IRB: Automated Generation of Robust Factuality Benchmarks
Lam Thanh Do, Bhagyashree Taleka, Hozaifa Ammar Bhutta, Vikram Sharma Mailthody, Kevin Chen-Chuan Chang, Wen-mei Hwu
TL;DR
This paper addresses the saturation and maintenance challenges of static factuality benchmarks for retrieval-augmented generation (RAG). It introduces IRB, a fully automated, scaffolded Benchmark generation framework that grounds QA in human-verified Wikipedia citations (factual scaffold) and constrains QA via a knowledge-graph-based algorithm (algorithmic scaffold). The IRB1K benchmark demonstrates that frontier LLMs struggle in closed-book settings, but retrieval and reasoning-focused models improve performance, with retriever quality emerging as the primary driver of system correctness. The work also provides an end-to-end pipeline, implementation details, quality analyses, and open-source code/data to enable replication and further research in robust RAG evaluation. Overall, IRB offers a scalable approach to generating diverse, up-to-date, and controllable factuality benchmarks that push RAG systems toward more reliable grounding.
Abstract
Static benchmarks for RAG systems often suffer from rapid saturation and require significant manual effort to maintain robustness.
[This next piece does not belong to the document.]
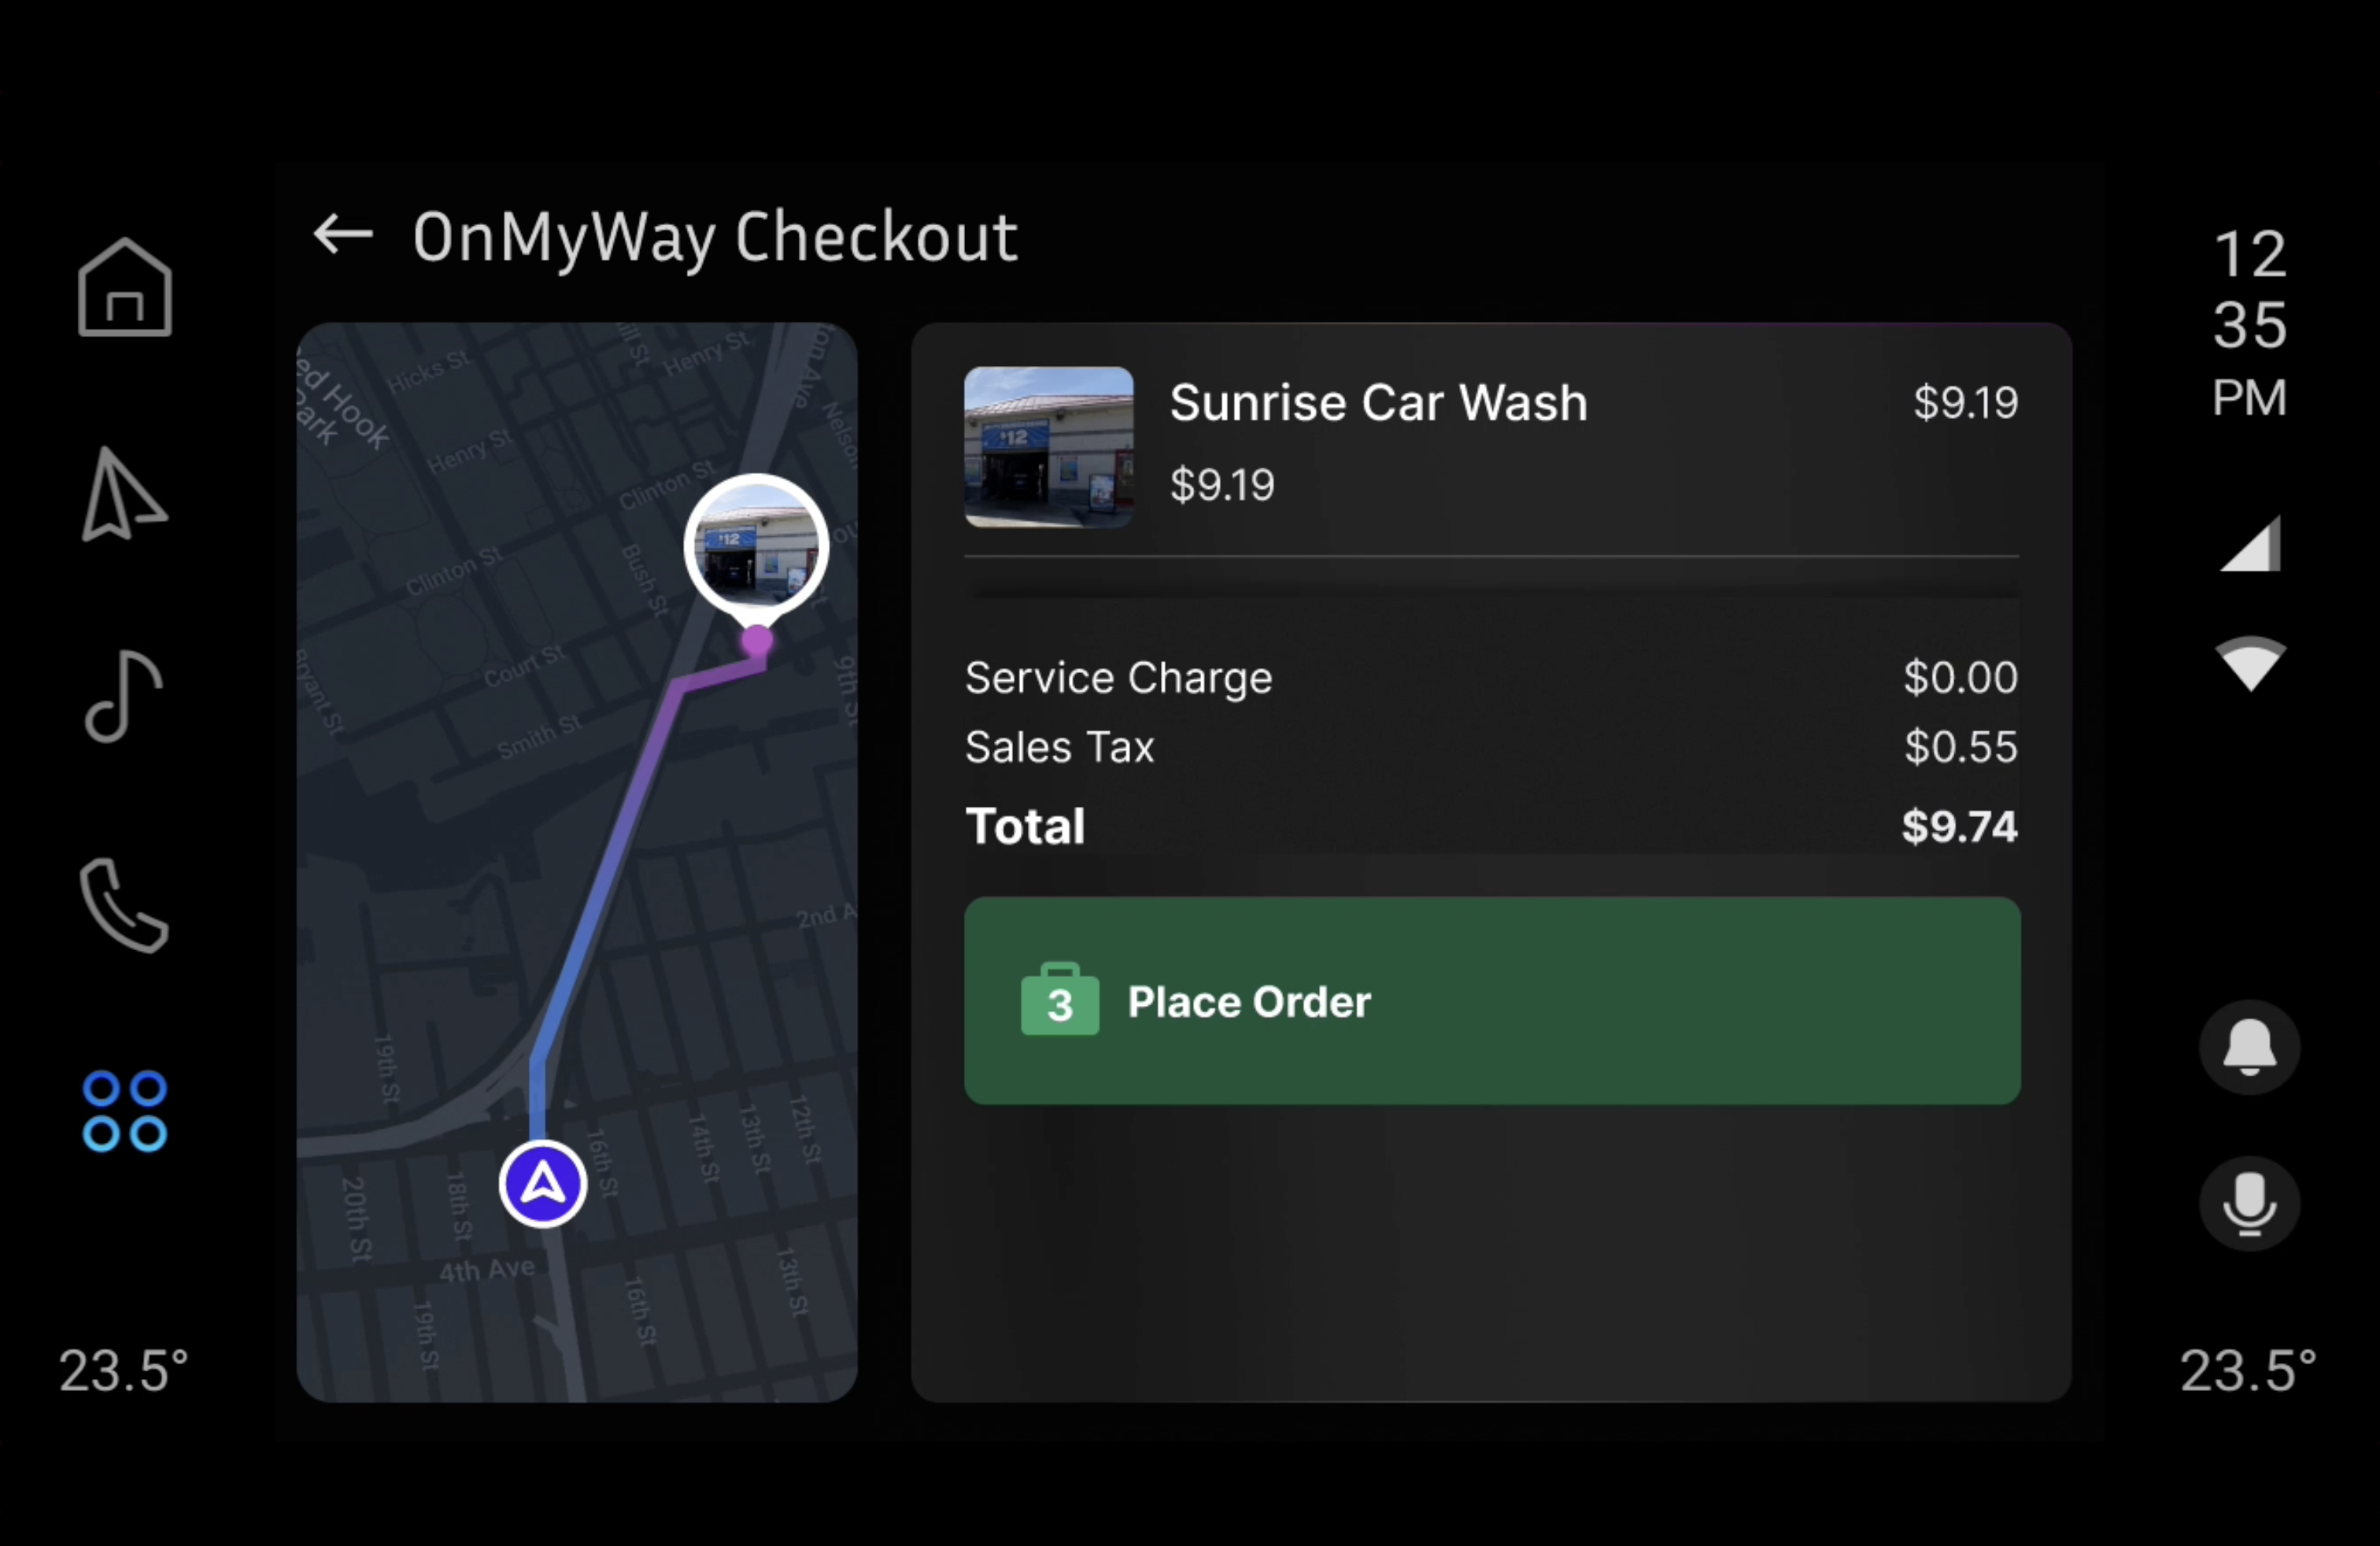 The OnMyWay™ in-car retail and commerce solution brings easy, low-distraction curated shopping to the dashboard of consumers’ favorite connected cars by  facilitating hands-free or dashboard ordering and payment, and then coordinating all logistics for a  seamless curbside experience.

To address this, we present IRB, a framework for automatically generating benchmarks to evaluate the factuality of RAG systems. IRB employs a structured generation pipeline utilizing \textit{factual scaffold} and \textit{algorithmic scaffold}. We utilize IRB to construct a benchmark and evaluate frontier LLMs and retrievers. Our results demonstrate that IRB poses a significant challenge for frontier LLMs in the closed-book setting. Furthermore, our evaluation suggests that reasoning LLMs are more reliable, and that improving the retrieval component may yield more cost-effective gains in RAG system correctness than scaling the generator.